## Invited Session Tue.2.H 2032

#### Tuesday, 13:15 - 14:45 h, Room: H 2032

**Cluster 11: Integer & mixed-integer programming** [...]

### Trends in mixed integer programming III

**Chair: Robert Weismantel and Andrea Lodi**

**Tuesday, 13:15 - 13:40 h, Room: H 2032, Talk 1**

**Qie He**

Minimum concave cost network flow over a grid network

**Coauthors: Shabbir Ahmed, George L. Nemhauser**

**Abstract:**

The minimum concave cost network flow problem (MCCNFP) is NP-hard, but efficient polynomial-time algorithms exist for some special cases, such as the uncapacitated multi-echelon lot-sizing problem. We consider the computational complexity of MCCNFP as a function of the underlying network topology and the representation of the concave function by studying MCCNFP over a grid network with a general nonnegative separable concave function. We show that this problem is polynomial solvable when all source nodes are at the first echelon and all sink nodes are at the last echelon. The polynomiality argument relies on a combination of a particular dynamic programming formulation and a careful investigation of the extreme points of the underlying flow polyhedron. We derive an analytical formula for the inflow of any node under all extreme points, which generalizes Zangwill's result for the

multi-echelon lot-sizing problem.

**Tuesday, 13:45 - 14:10 h, Room: H 2032, Talk 2**

**Tamás Kis**

Strengthening the MIP formulation of a bilevel lot-sizing problem

**Abstract:**

In the talk, I will introduce the bilevel lot-sizing problem,

and show how to formulate it as a MIP. In addition, I will present problem specific bounds and cuts, as well as mixed integer disjunctive cuts derived from two rows of the simplex tableau,

one corresponding to an integer variable, the other to a continuous variable.

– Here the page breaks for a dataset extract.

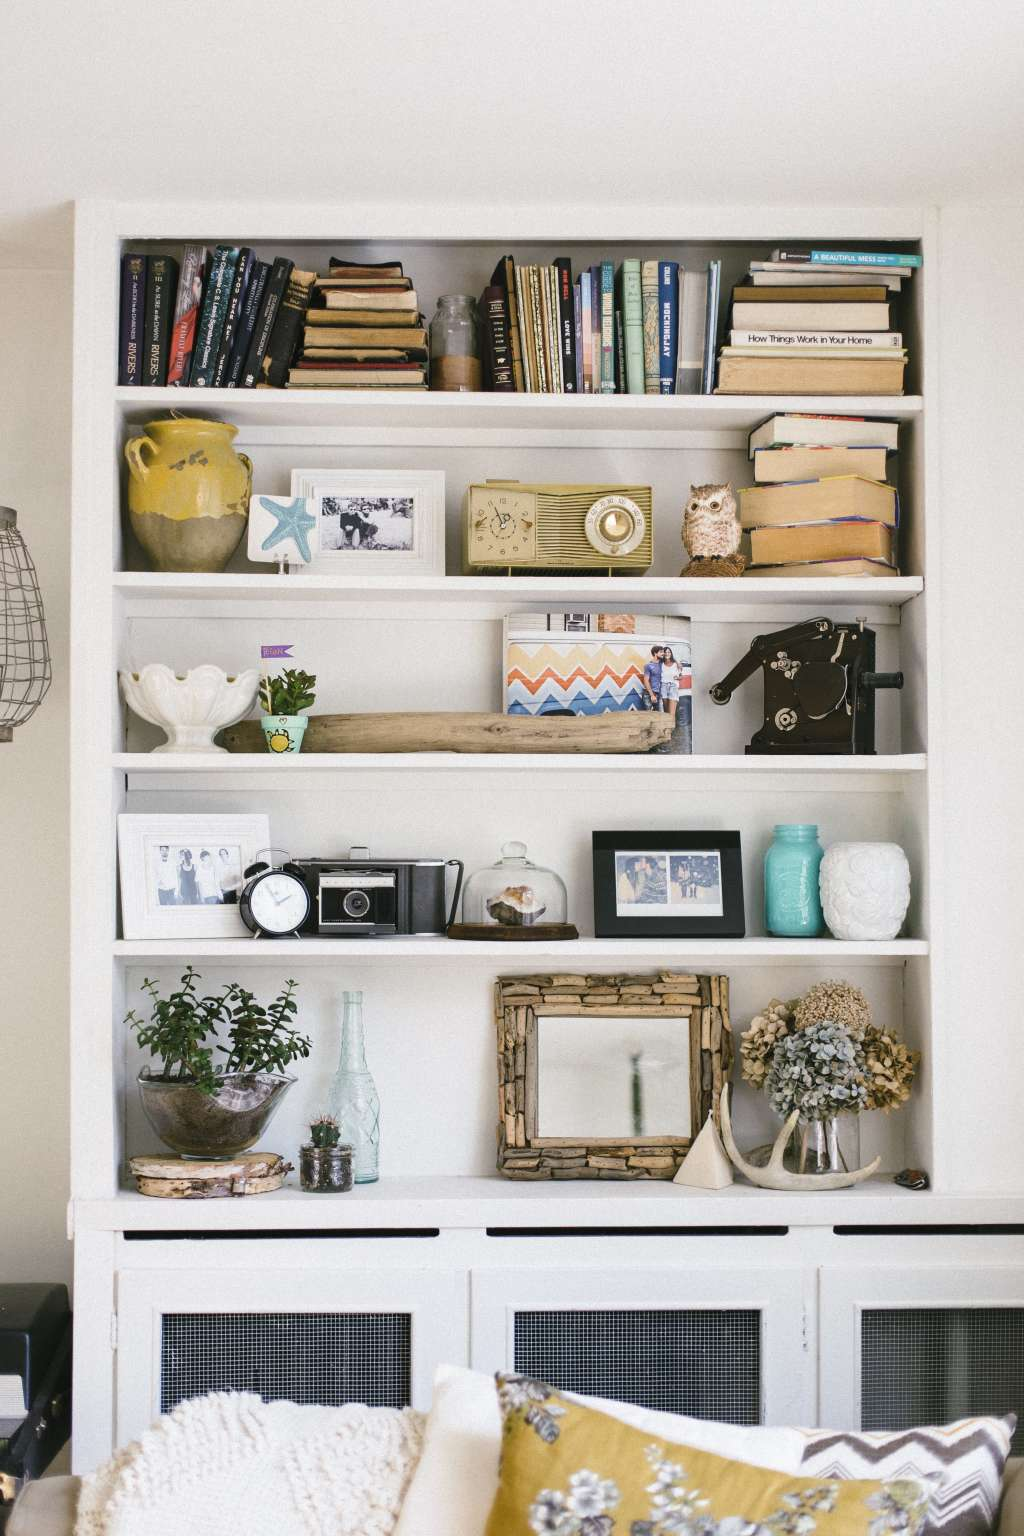 Instant Room Refresh: 9 Shelf Styling Ideas
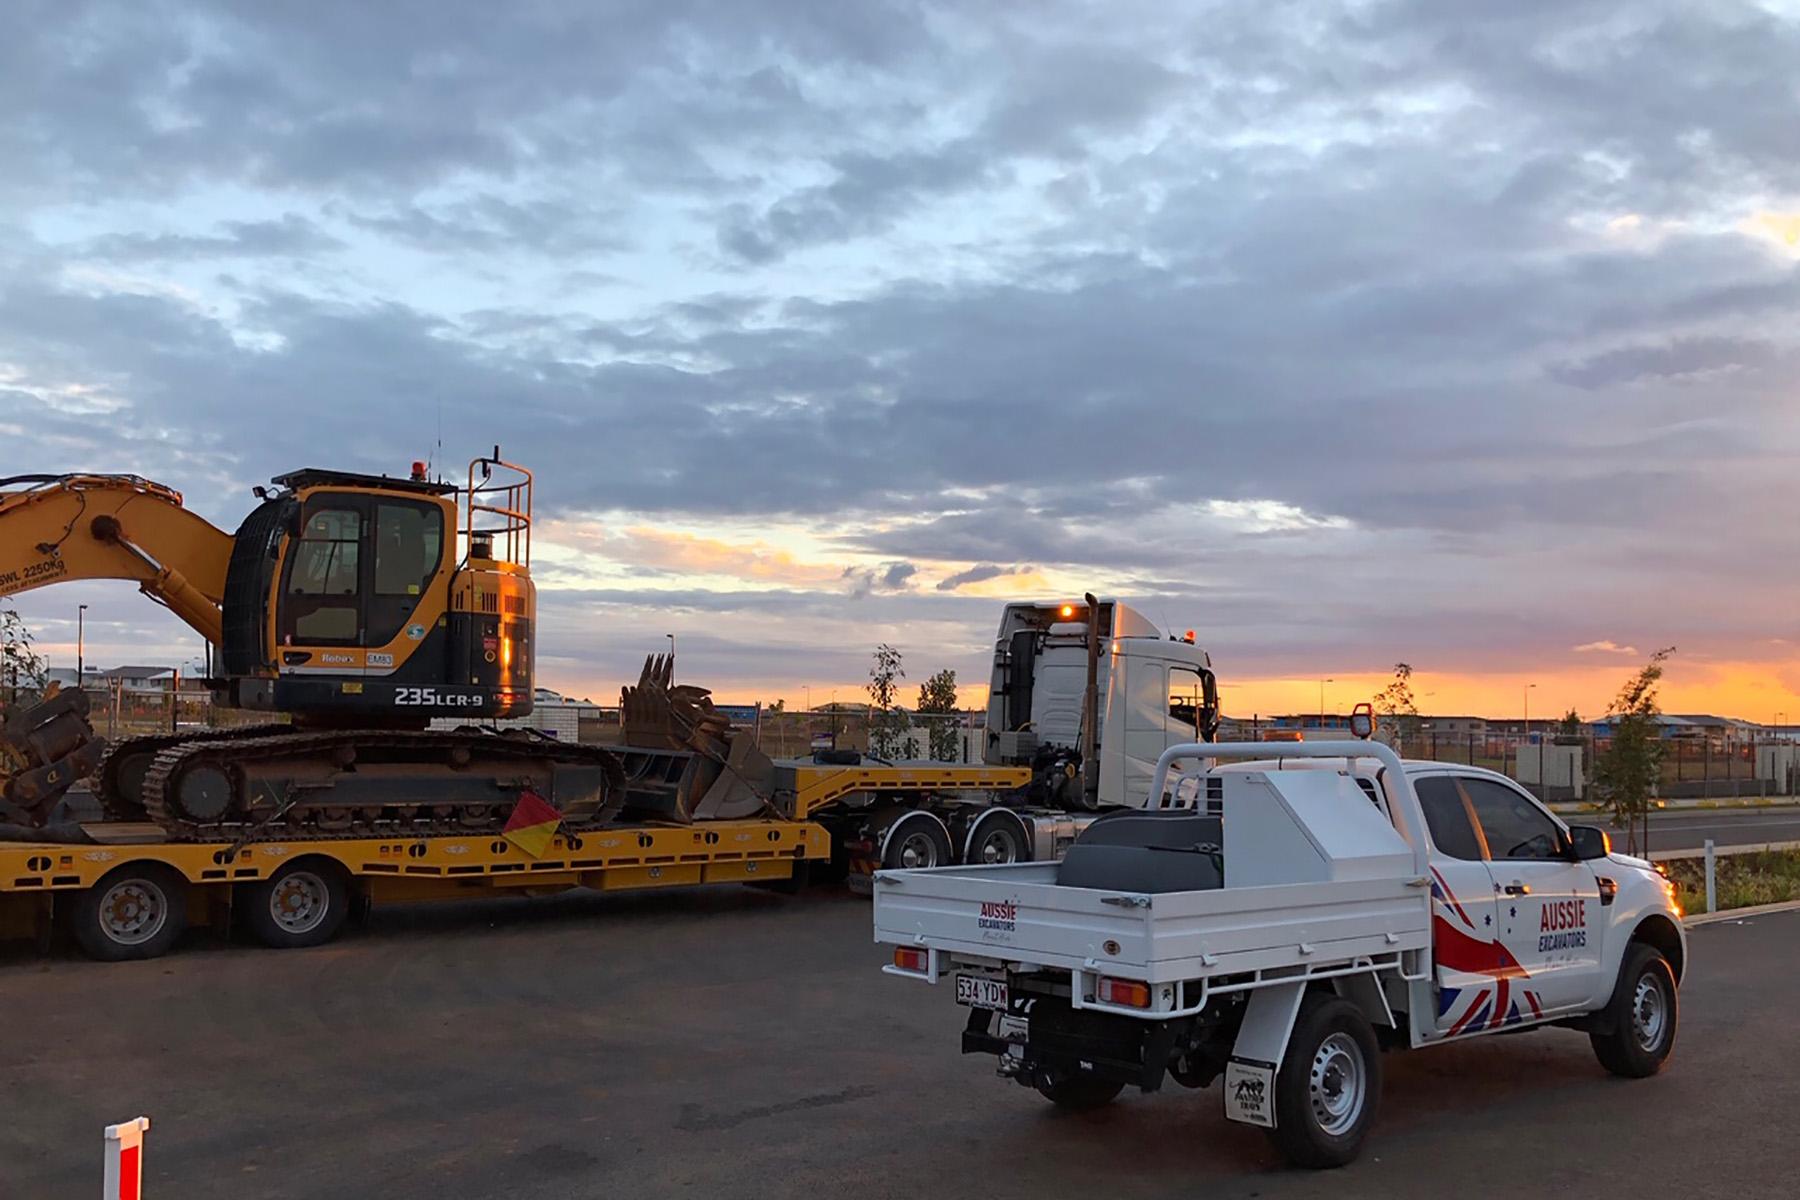 excavator hire - plant hire company brisbane

I will also discuss the computational merits of the various strengthening methods.

**Tuesday, 14:15 - 14:40 h, Room: H 2032, Talk 3**

**Fabio Furini**

Heuristic and exact algorithms for the interval min-max regret knapsack problem

**Coauthors: Manuel Iori, Silvano Martello, Mutsunori Yagiura**

**Abstract:**

We consider a generalization of the 0-1 knapsack problem in which the profit of each item can take any value in a

range characterized by a minimum and a maximum possible profit. A set of specific profits is called a scenario.

The *interval min-max regret knapsack problem* (MRKP) is then to find a

feasible solution such that the maximum regret over all scenarios is minimized. The problem is extremely challenging both from a theoretical and a

practical point of view. Its recognition version is complete for the complexity class *Σ*^{p}_{2} hence it is most probably not in *NP*.

In addition, even computing the regret of a solution with respect to a scenario requires the solution of an *NP*-hard problem.

We examine the behavior of classical combinatorial optimization approaches when adapted to the solution of the MRKP.

We introduce an iterated local search approach and a Lagrangian-based branch-and-cut algorithm, and evaluate their performance

through extensive computational experiments.